Indian Government Asks VPN Service Providers to Collect User Data, Here’s Why

Indian Government says that these directions will enhance overall cyber security posture and ensure safe and trusted Internet in the country

The Indian Computer Emergency Response Team (CERT-In), under the aegis of the Ministry of Information and Technology, Government of India recently made it mandatory for data centers, virtual private server (VPS) providers, VPN service providers, cloud service providers to store user data for five years. This decision has been taken to identify and close certain gaps that were hindering the process of incident analysis, said CERT-in.

“During the course of handling cyber incidents and interactions with the constituency, CERT-In has identified certain gaps causing hindrance in incident analysis. To address the identified gaps and issues so as to facilitate incident response measures, CERT-In has issued directions relating to information security practices, procedure, prevention, response and reporting of cyber incidents under the provisions of sub-section (6) of section 70B of the Information Technology Act, 2000. These directions will become effective after 60 days,” said a statement from the organisation.

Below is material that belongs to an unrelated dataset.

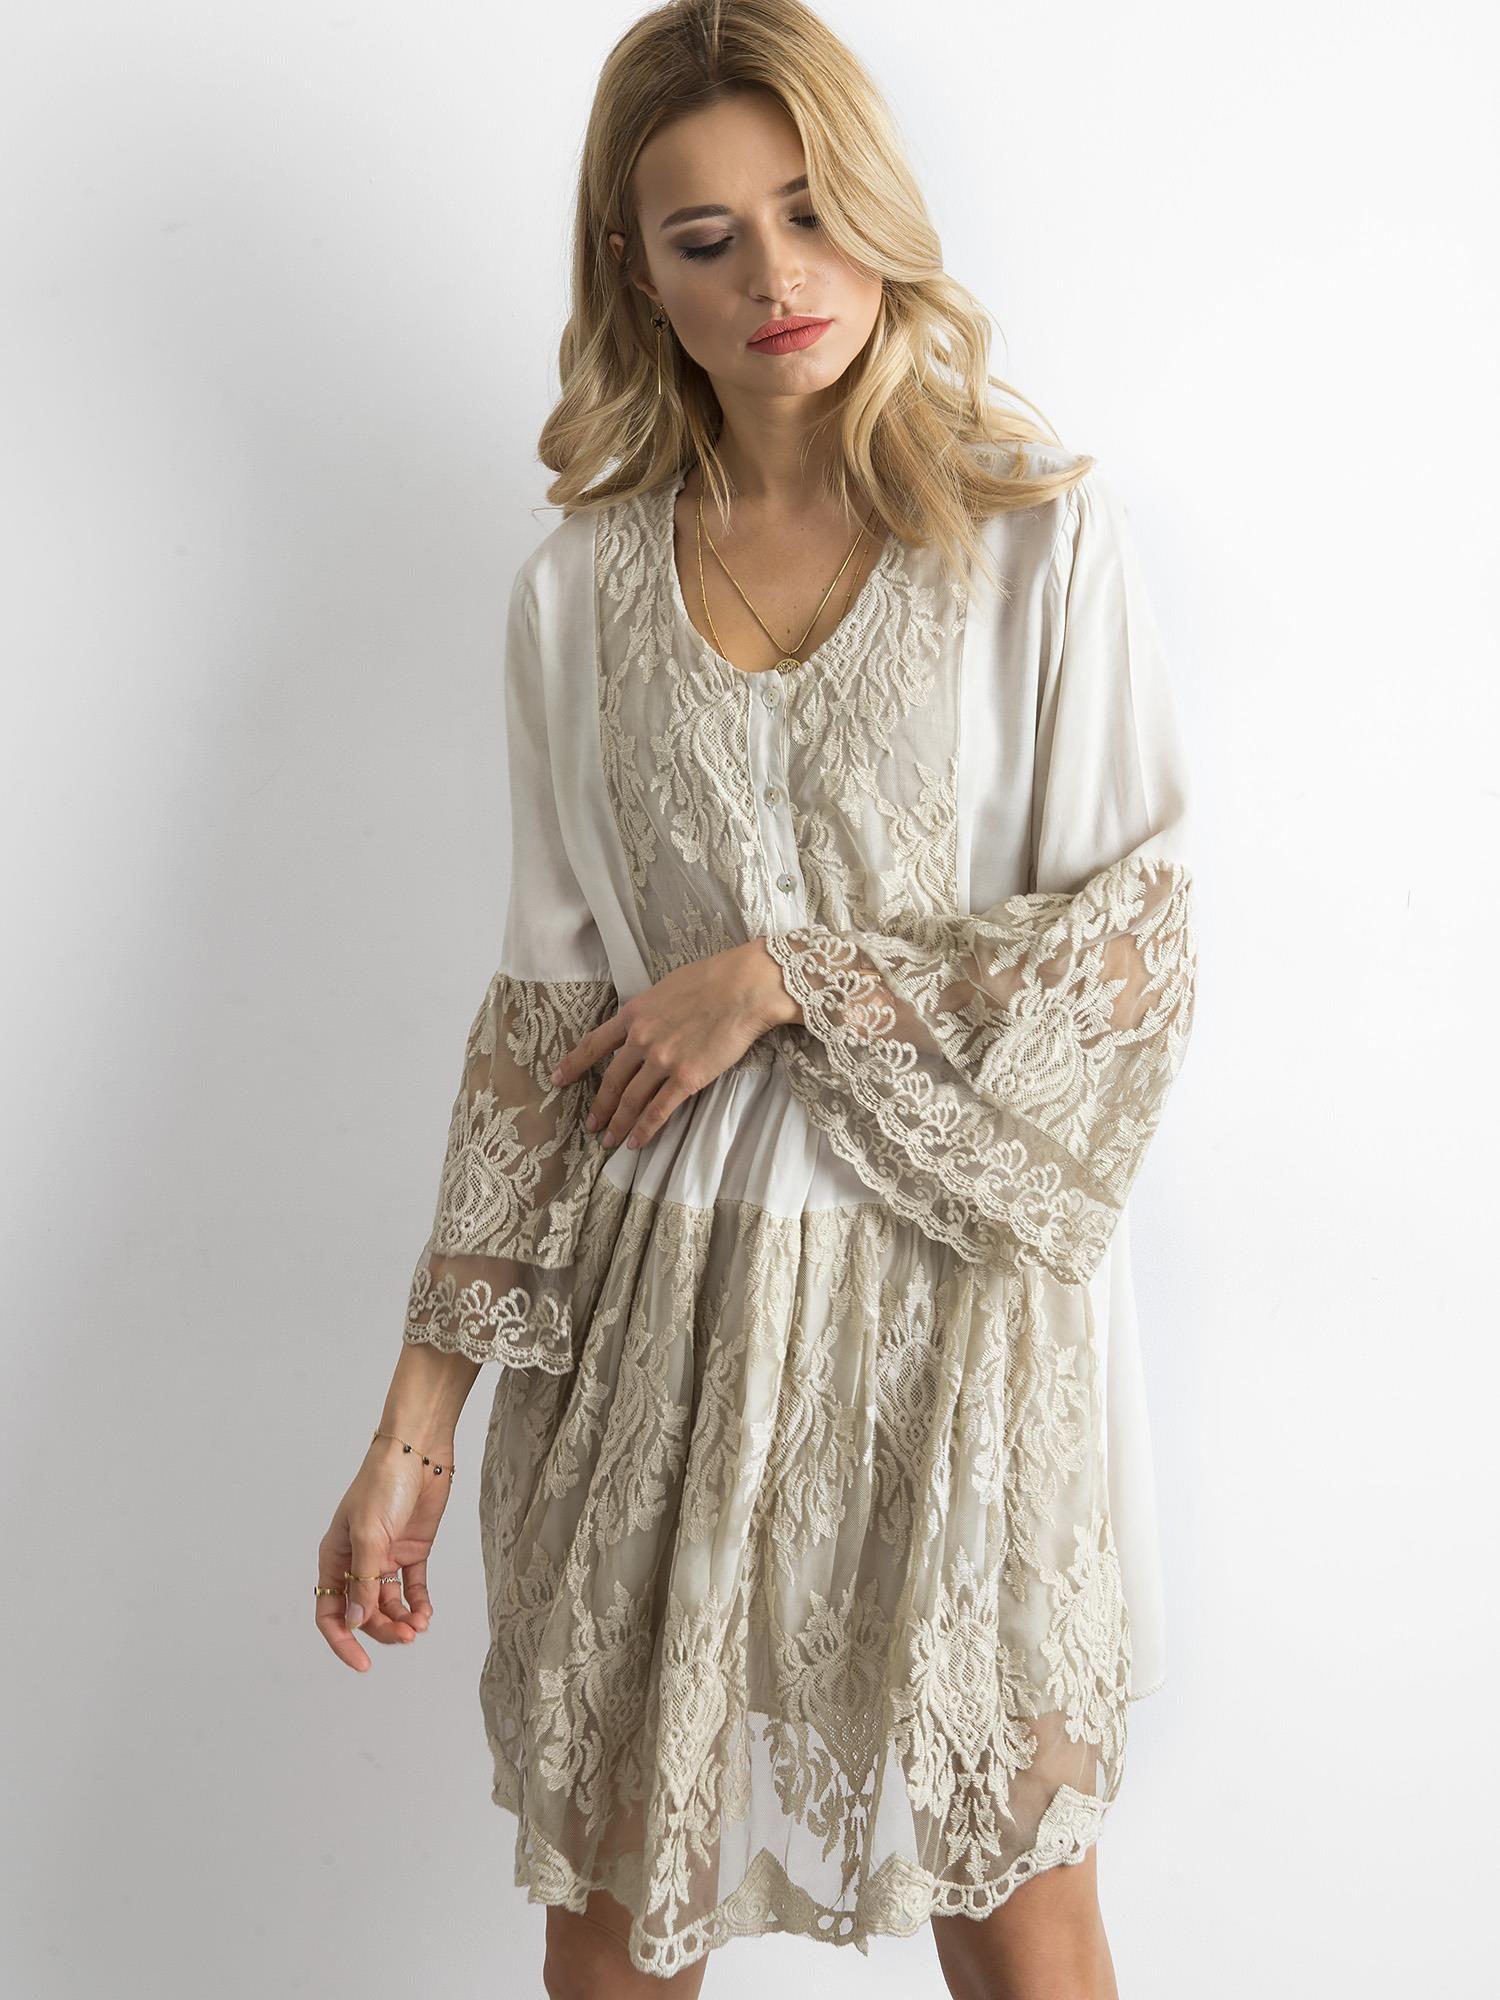 93be6e7b5 Beżowa luźna sukienka z koronką - Sukienka z koronką - sklep eButik.pl
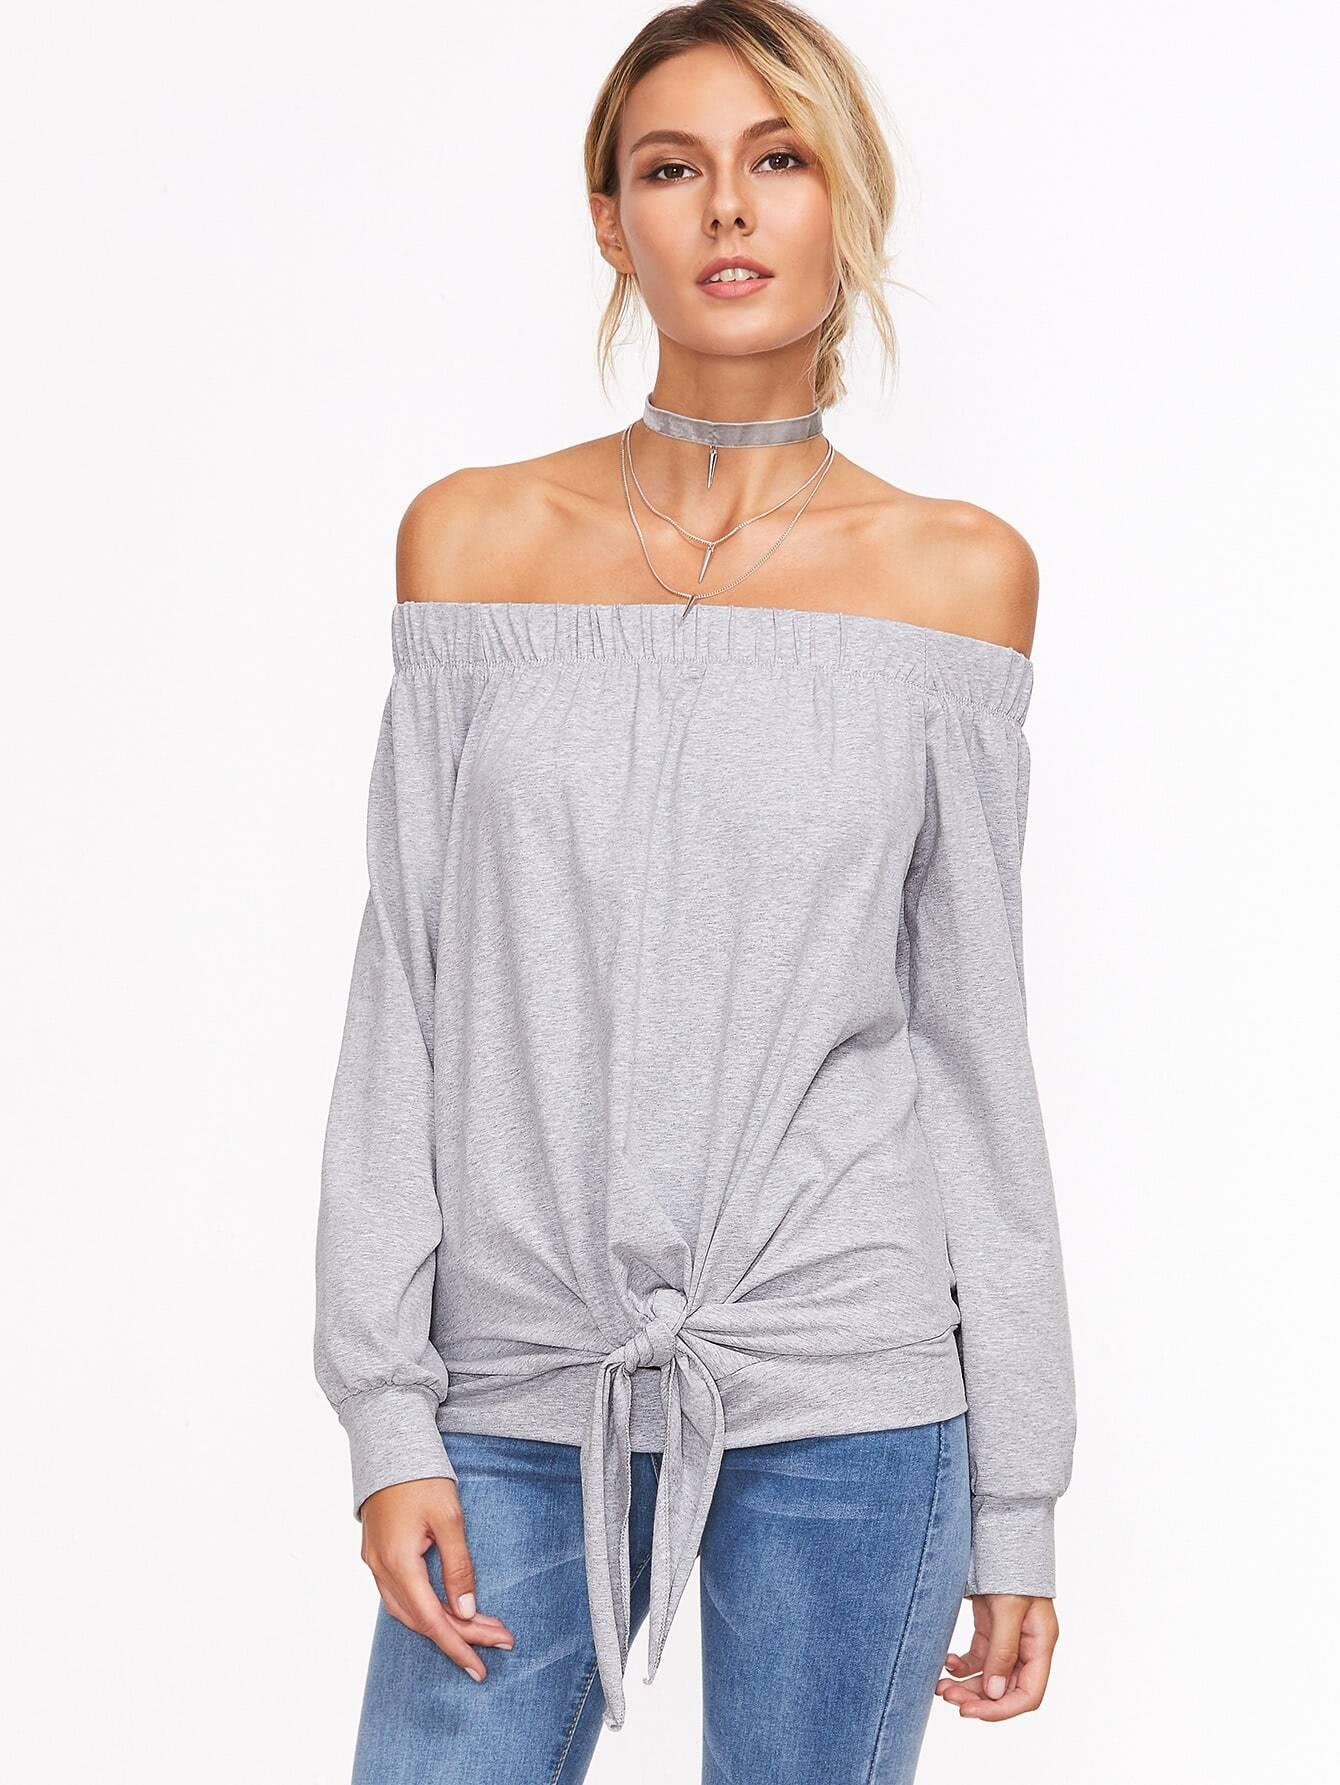 sweatshirt161020302_2

Information That Needs to Be Maintained by VPN Service Providers

VPN service providers will have to register the following information which must be maintained by them for a period of 5 years or longer duration as mandated by the law:

• Validated names of subscribers or customers hiring the services.
• Period of hire including dates.
• IPs allotted being used by the members.
• Email address and IP address and time stamp used at the time of registration or on-boarding.
• Purpose for hiring services. 
• Validated address and contact numbers.
• Ownership pattern of the subscribers or customers hiring services.

Furthermore, service providers will also have to mandatorily report the following incidents to CERT-in:

• Targeted scanning or probing of critical networks or systems.
• Compromise of critical systems or information.
• Unauthorised access of IT systems or data.
• Defacement of website or intrusion into a website and unauthorised changes such as inserting malicious code, links to external websites and so on. 
• Malicious code attacks such as spreading of virus, worm, Trojan, Bots, Spyware, Ransomware or Cryptominers.
• Attack on servers such as database, mail and DNS and network devices such as routers.
• Identity theft, spoofing and phishing attacks
• Denial of service (DoS) and distributed denial of service (DDoS) attacks.
• Attacks on critical infrastructure, SCADA and operational technology systems and Wireless networks.
• Attacks on application such as e-governance, e-commerce and others.
• Data breach, and data leak.
• Attacks on Internet of Things (IoT) devices and associated systems, networks, software, and servers.
• Attacks or incident affecting digital payment systems.
• Attacks through malicious mobile apps.
• Fake mobile apps.
• Unauthorised access to social media accounts, and so on.